В этот период, 1881–1882 гг., Соловьев и существующие недуги русского православия интерпретирует вполне по-славянофильски. Так, патриарх Никон обвиняется им в 1881 г. в том, что хотя он и «не переходил в латинство, но основное заблуждение латинства было им безотчетно усвоено» и «со времени патриарха Никона и по его почину иерархия Русской церкви, оставаясь по вере и учению православною, усвоила в своей внешней деятельности стремления и приемы, обличающие чуждый, не евангельский не православный дух». В это время, вполне в согласии с А. С. Хомяковым, Ю. Ф. Самариным и И. С. Аксаковым, вина – причем не церкви, а церковной иерархии – видится в том, что последняя «уклонилась от своего общественного
призвания, оттого, чтобы проводить и осуществлять в обществе человеческом новую духовную жизнь, открывшуюся в христианстве». Подспудное движение идей тем не менее происходит весьма быстро – как отмечает, например, К. В. Мочульский, уже в статье «О расколе в русском народе и обществе» Соловьев начинает видеть причину раскола «в измене кафоличности церкви»: обе стороны, и староверы, и никонианцы, одинаково преданы «своему», только для одних оно отождествляется со своей стариной, для вторых – с греками, но первые, предпочтя верность своей старине, в конце концов оказываются «протестантами местного предания». Уже в этих размышлениях о расколе Соловьев ясно различимы признаки близкого поворота – на передний план выходит вопрос о вселенском характере христианской истины и, соответственно, зреет вопрос, насколько восточное христианство можно добросовестно считать сохранившим эту вселенскость, насколько она верна ей в своей реальности.

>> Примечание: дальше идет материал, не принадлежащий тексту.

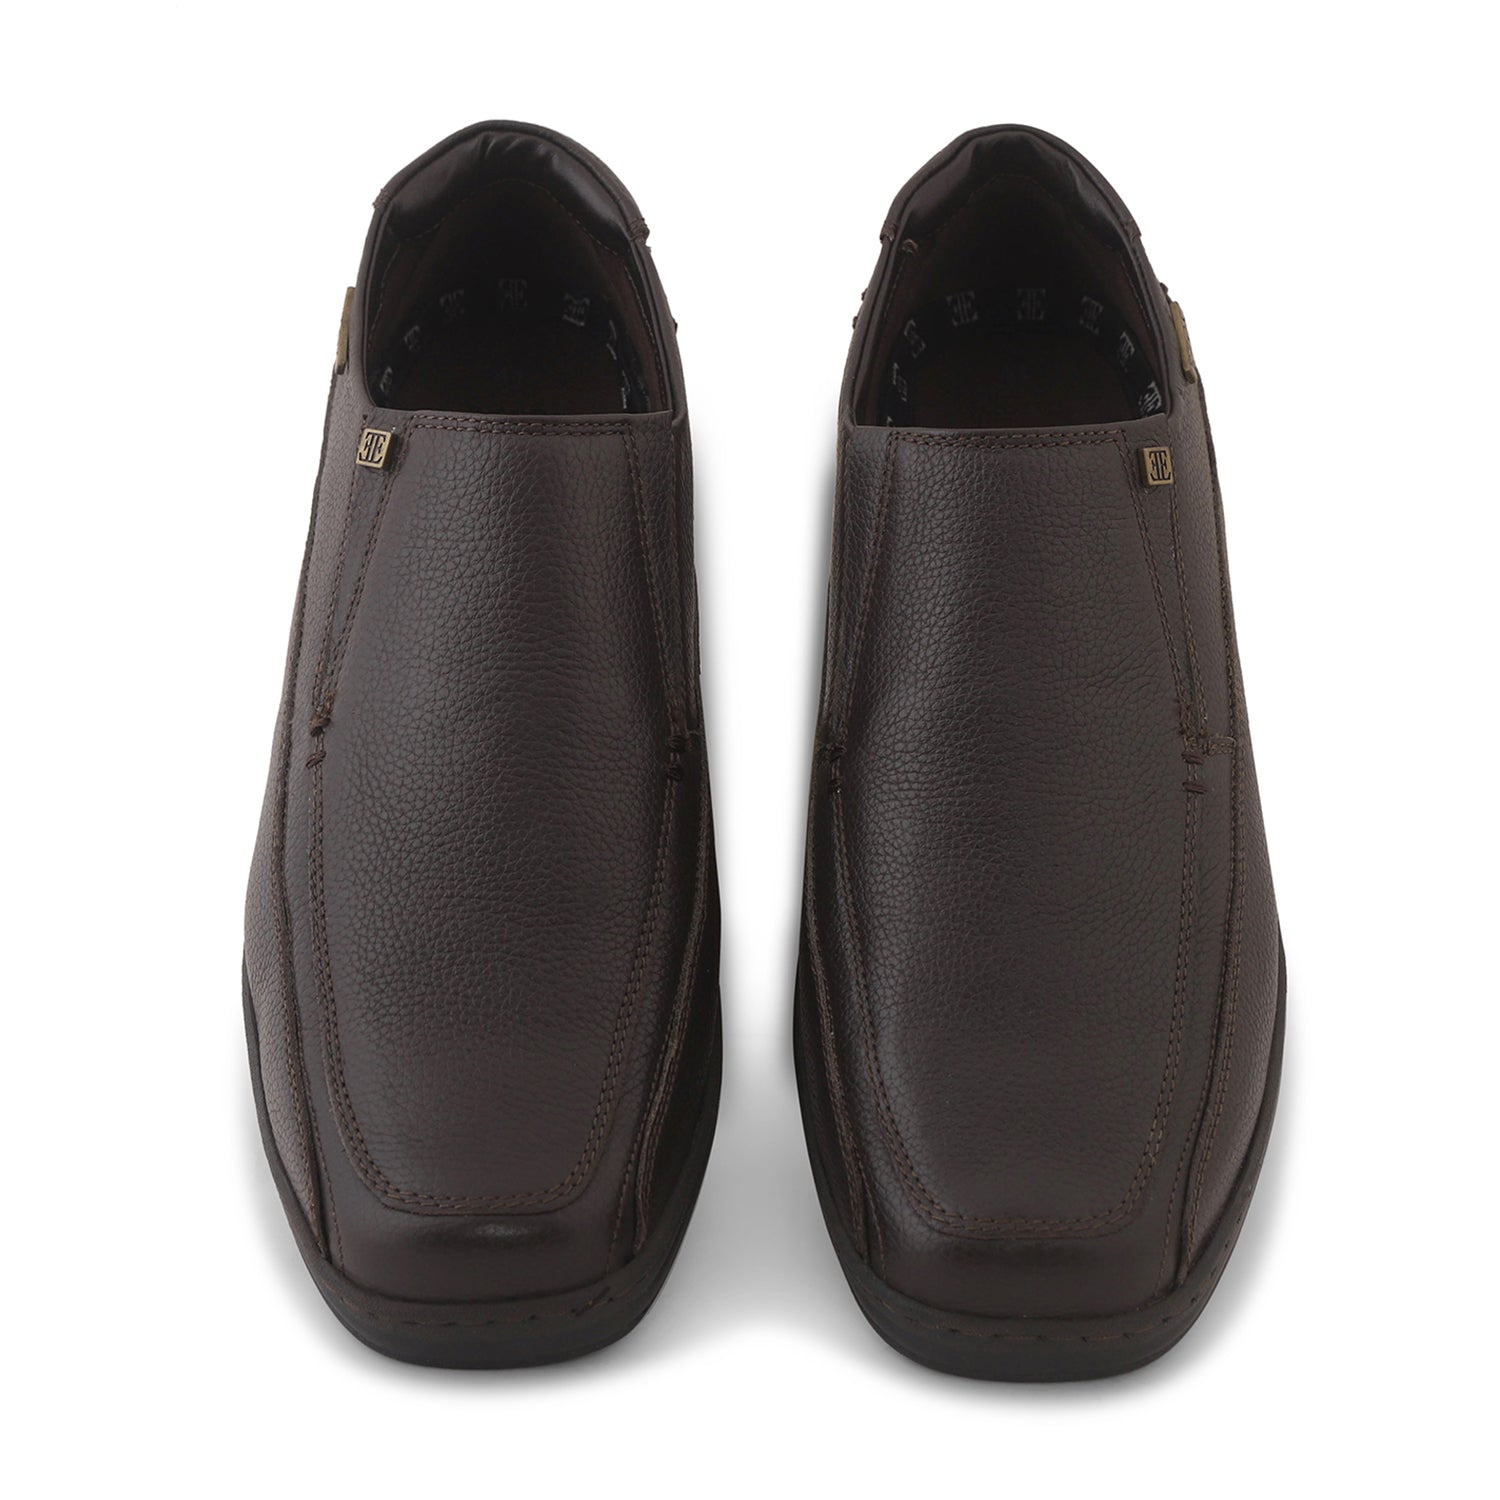 Ezok Brown Leather Slipon Shoes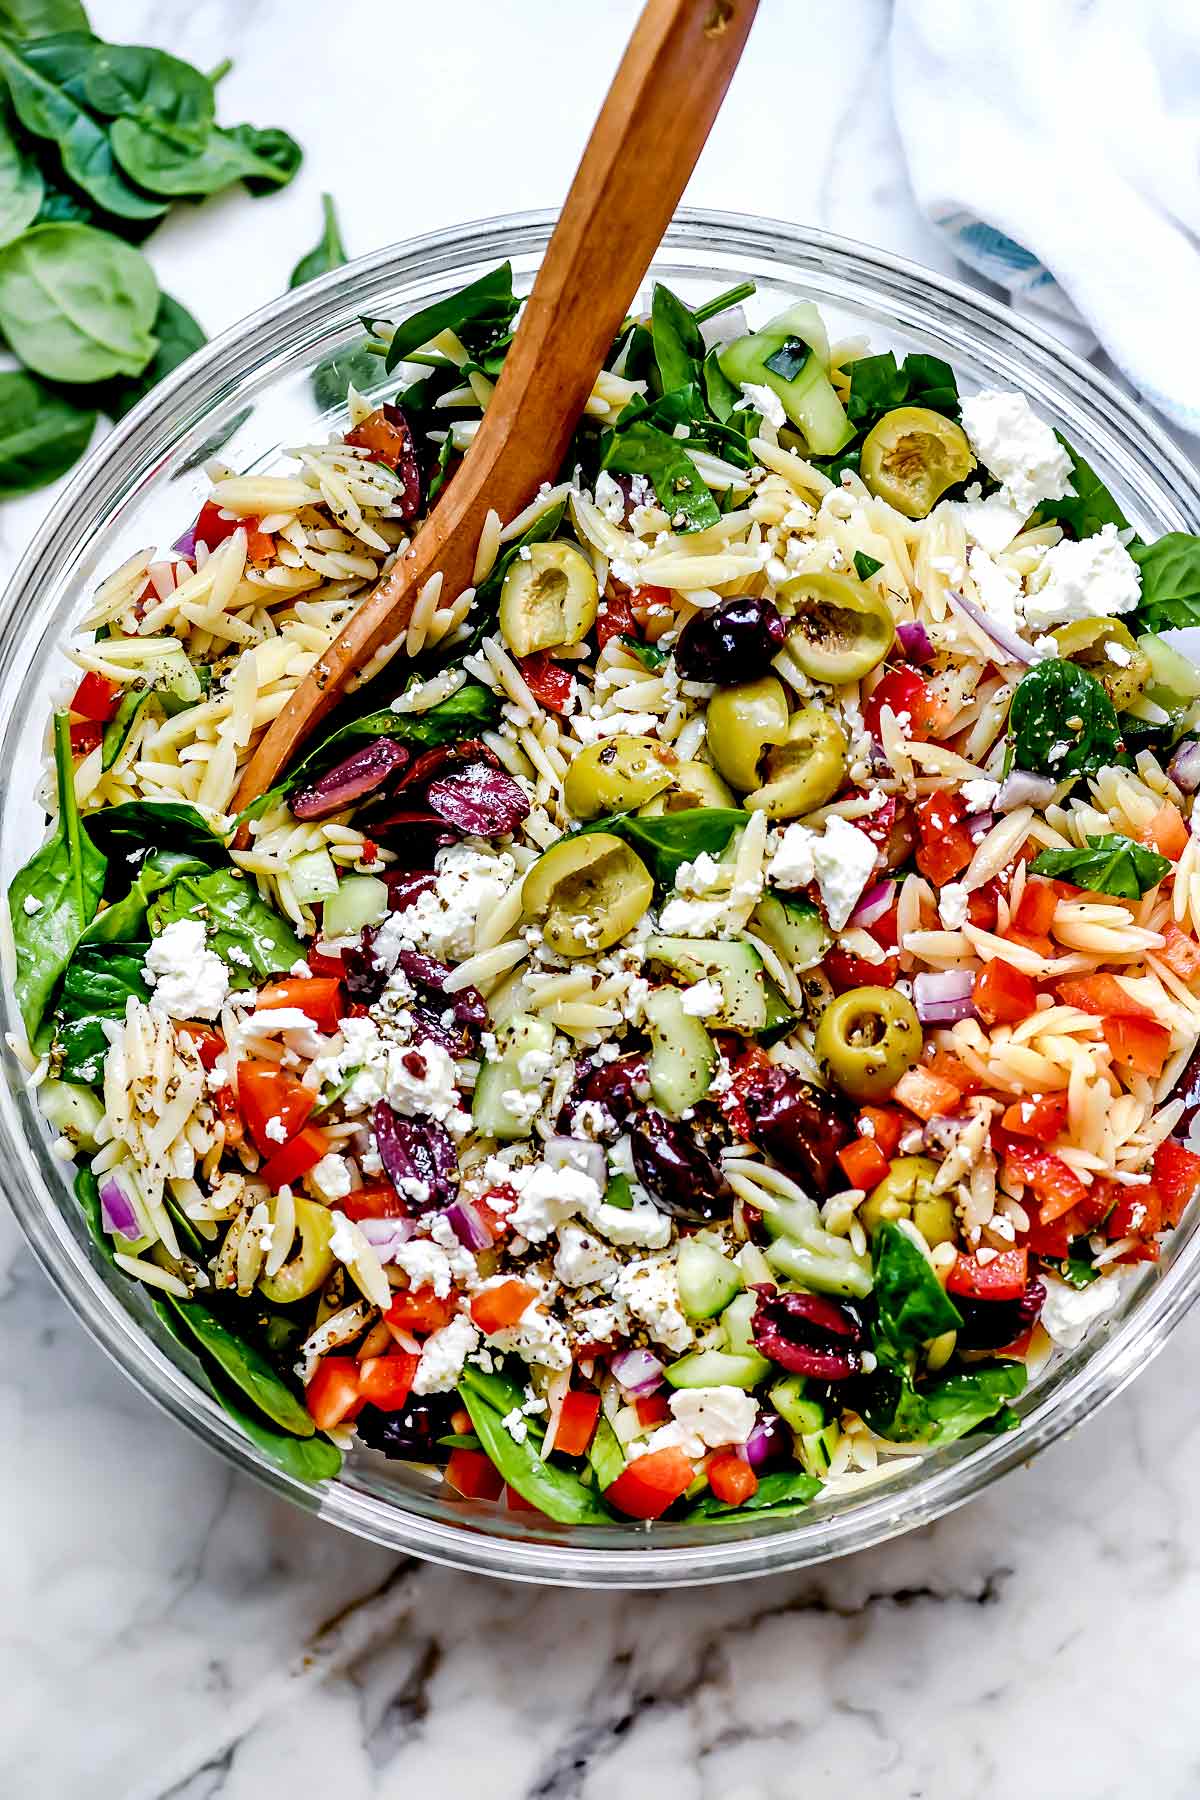 Salade méditerranéenne d'orzo foodiecrush.com #salade #orzo #olives #méditerranéenne #pasta #pastasalad #santé #recettes

В это время Аксакову приходится защищать Соловьева перед лицом обер-прокурора Св. Синода, уверяя К. П. Победоносцева, что «Соловьев не полоумный. Он, напротив, непрестанно зреет и мыслью, и нравственной своей стороной […]».И действительно, в это время Соловьев оборачивается в новую сторону – на его интеллектуальном горизонте появляется проблематика империи, мировой монархии. В ноябре 1883 г. он пишет И. С. Аксакову:
«В […] моей рукописи, которую я собирался послать Вам сегодня, место об Императоре было уже исключено, не потому чтоб я отказался от этой идеи, а потому, что, изложенная кратко и отрывочно, она действительно могла бы вызвать неверные и грубые представления. Но в существе этой идеи нет ничего грубого. Нужно помнить, что такой многообъемлющий принцип, как „всемирный Император“, „вселенский первосвятитель“ и т. п., является прежде всего как знамя
или как символ, а всякий символ, если его отделить от его идейного и жизненного содержания, есть нечто грубое и вещественное. Например, что может быть грубее креста: палка поперек палки! Впрочем, не думайте, что я усмотрел что-нибудь обидное для себя в Вашем замечании. Это невозможно уже потому, что идея всемирной монархии принадлежит не мне, а есть вековечное чаяние народов. Из людей мысли эта идея одушевляла Данта, а в наш век за нее стоял Тютчев[49], человек, как Вам хорошо известно, чрезвычайно тонкого ума и чувства. В полном издании „Всемирного спора“ я намереваюсь изложить идею всемирной монархии большей частью словами Данта и Тютчева».